Two equal representations of a line on a plane The Definition of line is $L=v+w\mathbb{R}$ where $w\neq 0$. 
I want to understand why this Definition of a line is equal to this Definition:
A line (in $\mathbb{R^2}$) is defined as $L=\{(x,y)\in\mathbb{R}^2:ax+by=c\}$ where $(a,b)\neq(0,0)$
There is a proof in my book but I don't understand a part of it I hope somebody can help.
If $a=0$, then $b\neq 0$ the equation is therefore
$$by=c\quad \text{so}\quad y=\frac{c}{b}$$
Setting $v=(0,\frac{c}{b})$ and $w=(1,0)$ then $L=v+\mathbb{R}w$
I understand that if we pick an element from the set $v+\mathbb{R}w$ then it has the form $(\lambda,\frac{c}{b})$ and this is a solution to the equation $ax+bx=c$. I don't understand it however for the opposite case that if we take a solution $(x,y)$ it must be in $v+\mathbb{R}w$
I have the same Problem when it cames to the case where $a$ is not equal to $0$
Is $a\neq0$ then settig $y=0$ we have a solution $(x,y)$ for the equation $ax+bx=c$ where $x$ is $\frac{c}{a}$ and $y=0$
We set this solution $(\frac{c}{a},0)$ to be $v$
Setting $c=0$ helps to find $w$
We have $L_0=\{(x,y)\in\mathbb{R}^2:ax+by=0\}$
Then $0\in L_0$ Setting $y=1$ gives 
$$w=(-\frac{b}{a},1)\in L_0$$ 
Now Picking an element $z$ of the set $v+\mathbb{R}w$
The elemeent $z$ has the form $(\frac{c-\lambda b}{a},\lambda)$ which is a solution for the equation $ax+by=c$
Conversely I don't know why if I pick a solution to the equation $ax+by=c$ it also must be in $v+\mathbb{R}w$
Can someone explain it to me please?
 A: All of this only holds in $\mathbb R^2$. Let's see how we get from $L=v+w\mathbb R$ to $ax+by=c$. Take any vector $n=(a,b)$ such that $\langle n,u\rangle =0$. Then, $L'=n\mathbb R$ defines a line which is orthogonal to $L$. If $(x,y)\in L$ is a point, $(x,y)-v$ is a vector pointing in the same direction as $w$, i.e. a multiple of $w$. You can easily see this by writing $(x,y)=v+tw$ for some $t\in\mathbb R$. But then, $\langle (x,y)-v,n\rangle=0$, since $n$ is orthogonal to $w$. We can in fact write $L$ as the set of points $(x,y)$ such that $(x,y)-v$ is orthogonal to $L$. You should draw a picture to see this geometrically!

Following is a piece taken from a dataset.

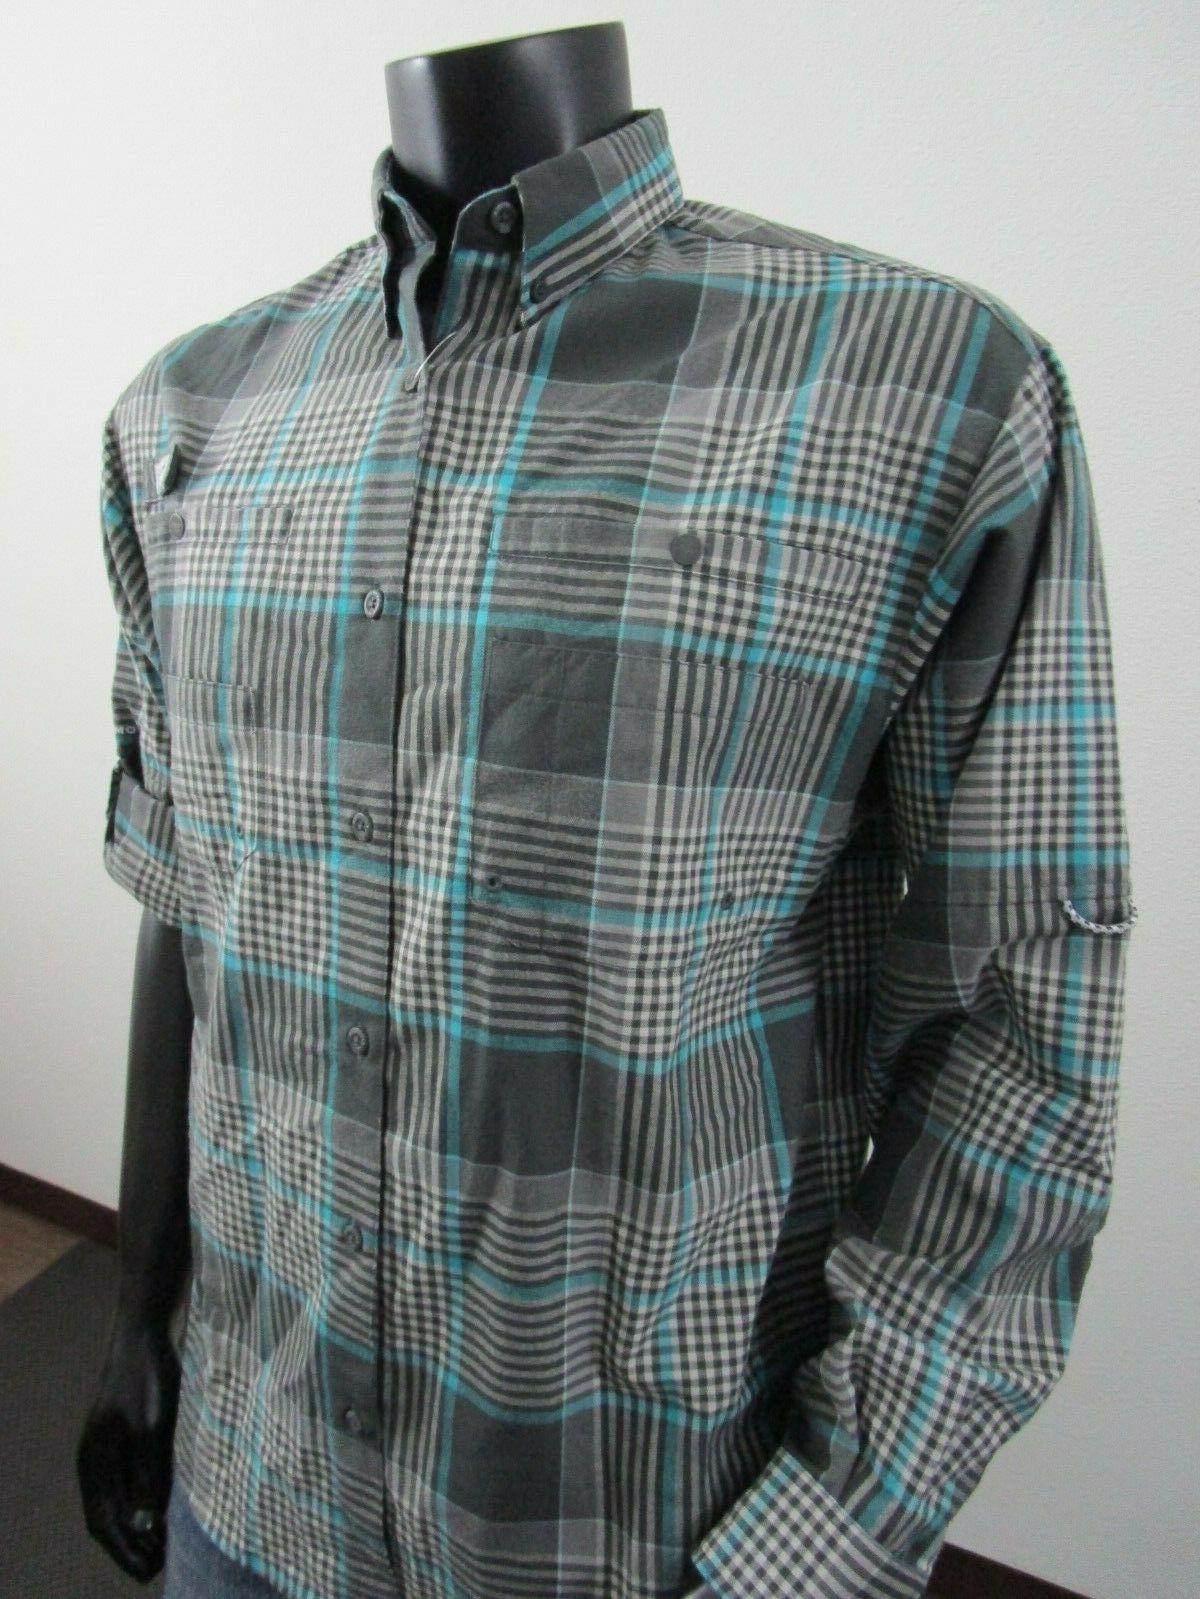 NWT M Columbia PFG Sleeve Shirt Grill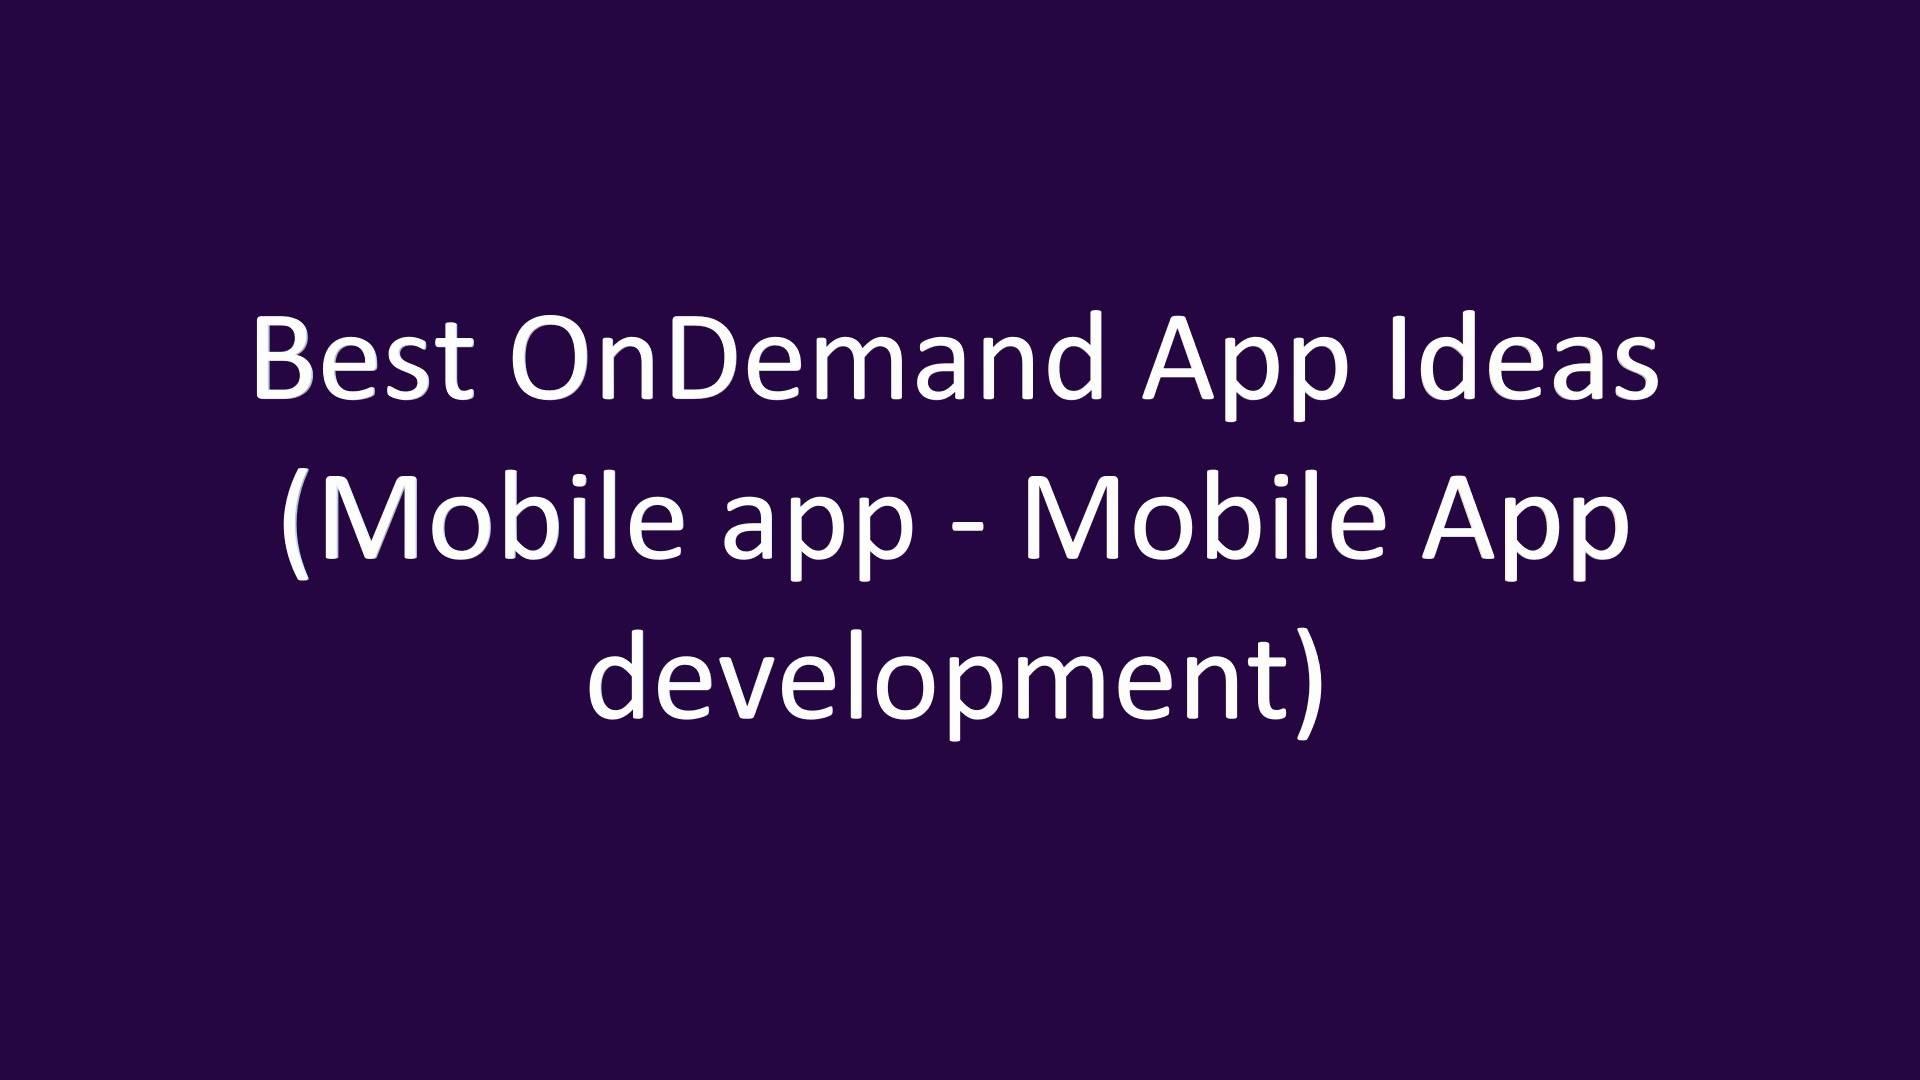 Best OnDemand App Ideas (Mobile app - Mobile App development)

Now, $$L=\{(x,y)\in \mathbb T^2\mid \langle (x,y)-v,n\rangle=0\}$$ and since $n=(a,b)$, this gives $$0=\langle(x,y)-v,n\rangle=\langle(x,y),(a,b)\rangle-\langle v,n\rangle=ax+by-c,$$ where $c=\langle v,n\rangle$ and this is how one goes from the parametric form to the equation.
If you are given an equation $ax+by+c=0$ for $L$, you can get the parametric form by writing $(x,y)=(v_1,v_2)+t(w_1,w_2)$ for unknowns $v_1,v_2,w_1,w_2$ and solving a linear system of equations.